Unlike previous bands of which they’ve been a part, Reis’ and Froberg’s songs don’t meander in the least. Hot Snakes blows through each song at a breakneck pace. By the time the ensemble was 45 minutes into their set, they had already performed no less than 15 songs, and were able to do this without losing their quirky and intricate nature. Hot Snakes perform with an economy of time, not wasting a single moment on any distractions that might be extracurricular to their music.
Of course their running time also had a lot to do with the band performing like they were all business. It’s expected now for bands to banter back and forth with the audience in between songs. This is as much for the band’s benefit as the crowd’s as it serves as a way for the band to keep their head in the game, so to speak. Hot Snakes clearly wanted no part of this comfortable routine last Friday, however, and they scarcely made a social networking sound between each of their songs. It’s not that they weren’t interacting with the audience.

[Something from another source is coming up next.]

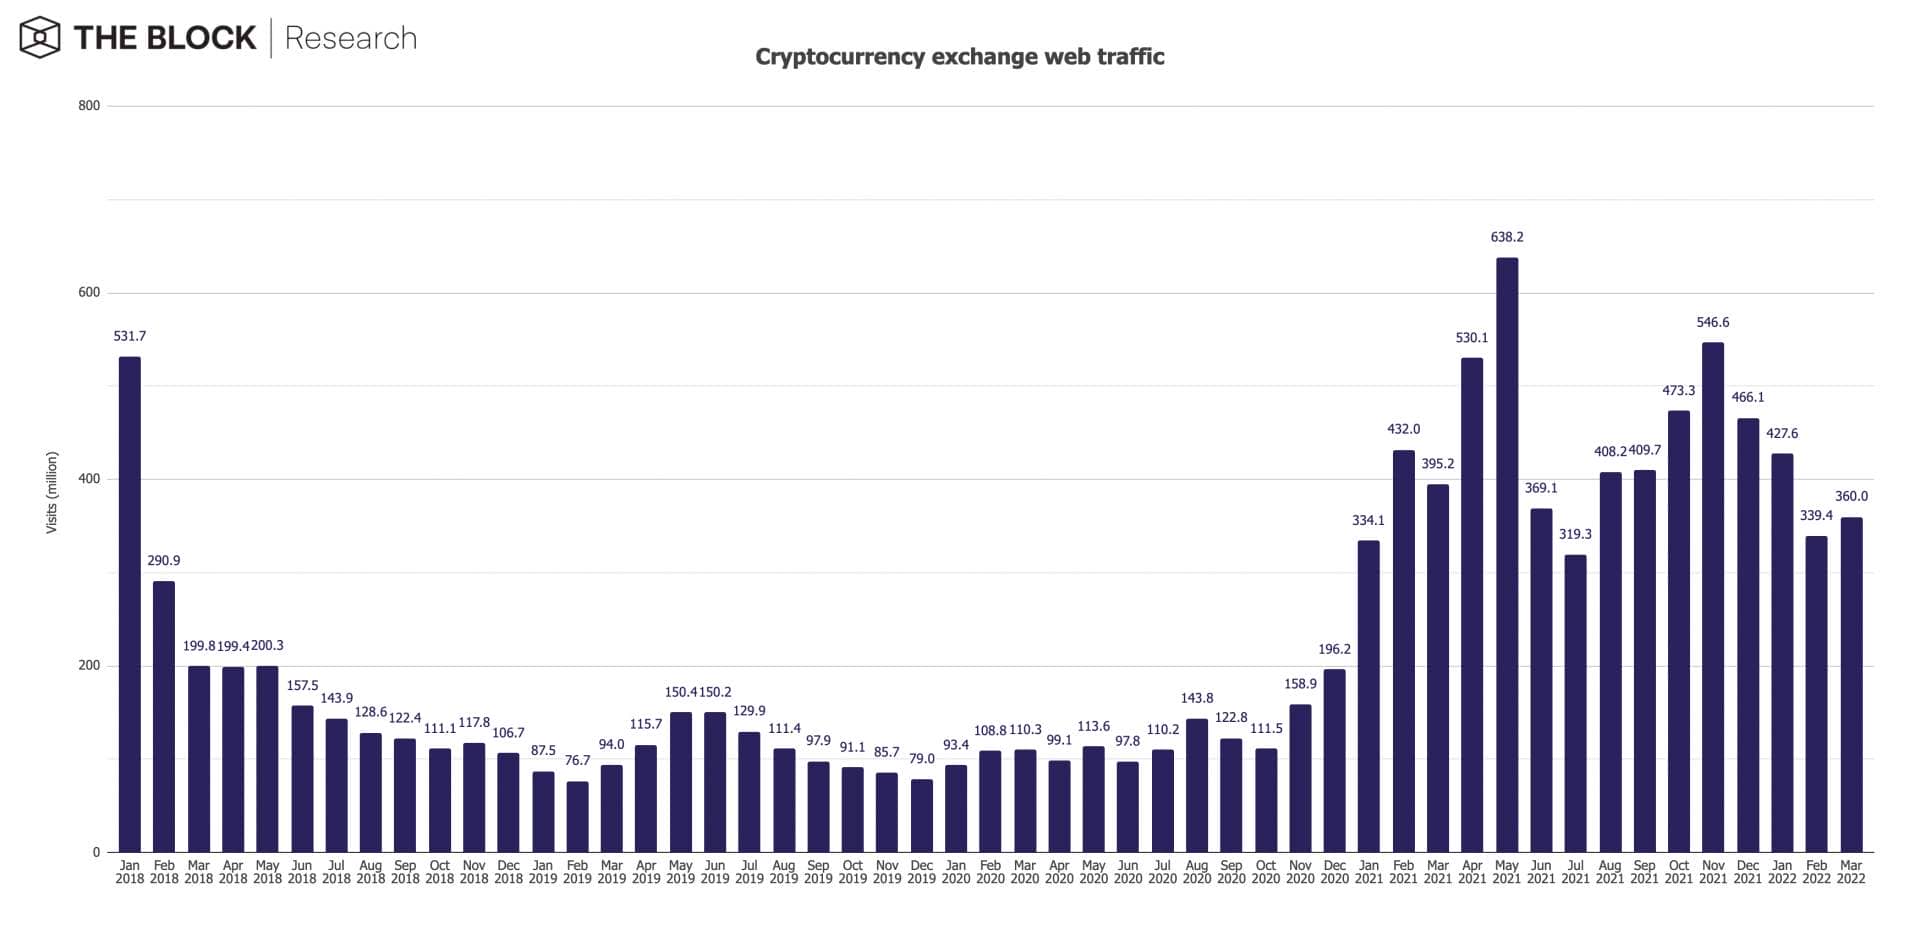 Bourses de cryptomonnaies : trafic des sites web

The music does that for them well enough, so they don’t really need to. After all, Reis and Froberg have been playing with each other for so long that these songs, this band, and the simple experience of playing together has become second nature to them by now. When they were up on stage, one immediately sensed a palpable comfort level among the band members—a comfort level that has to start with the band’s two experienced guitarists.
John Reis especially has been associated with so many other bands—most notably Rocket from the Crypt—that his working partnership with Rick Froberg isn’t always the first thing to come to mind. Over the years, though, the duo has reached a sort of cult status. Their blitzkrieg of a live set last Friday at the Rock and Roll Hotel is clearly further proof of just how far they’ve come to enjoy that kind of status now.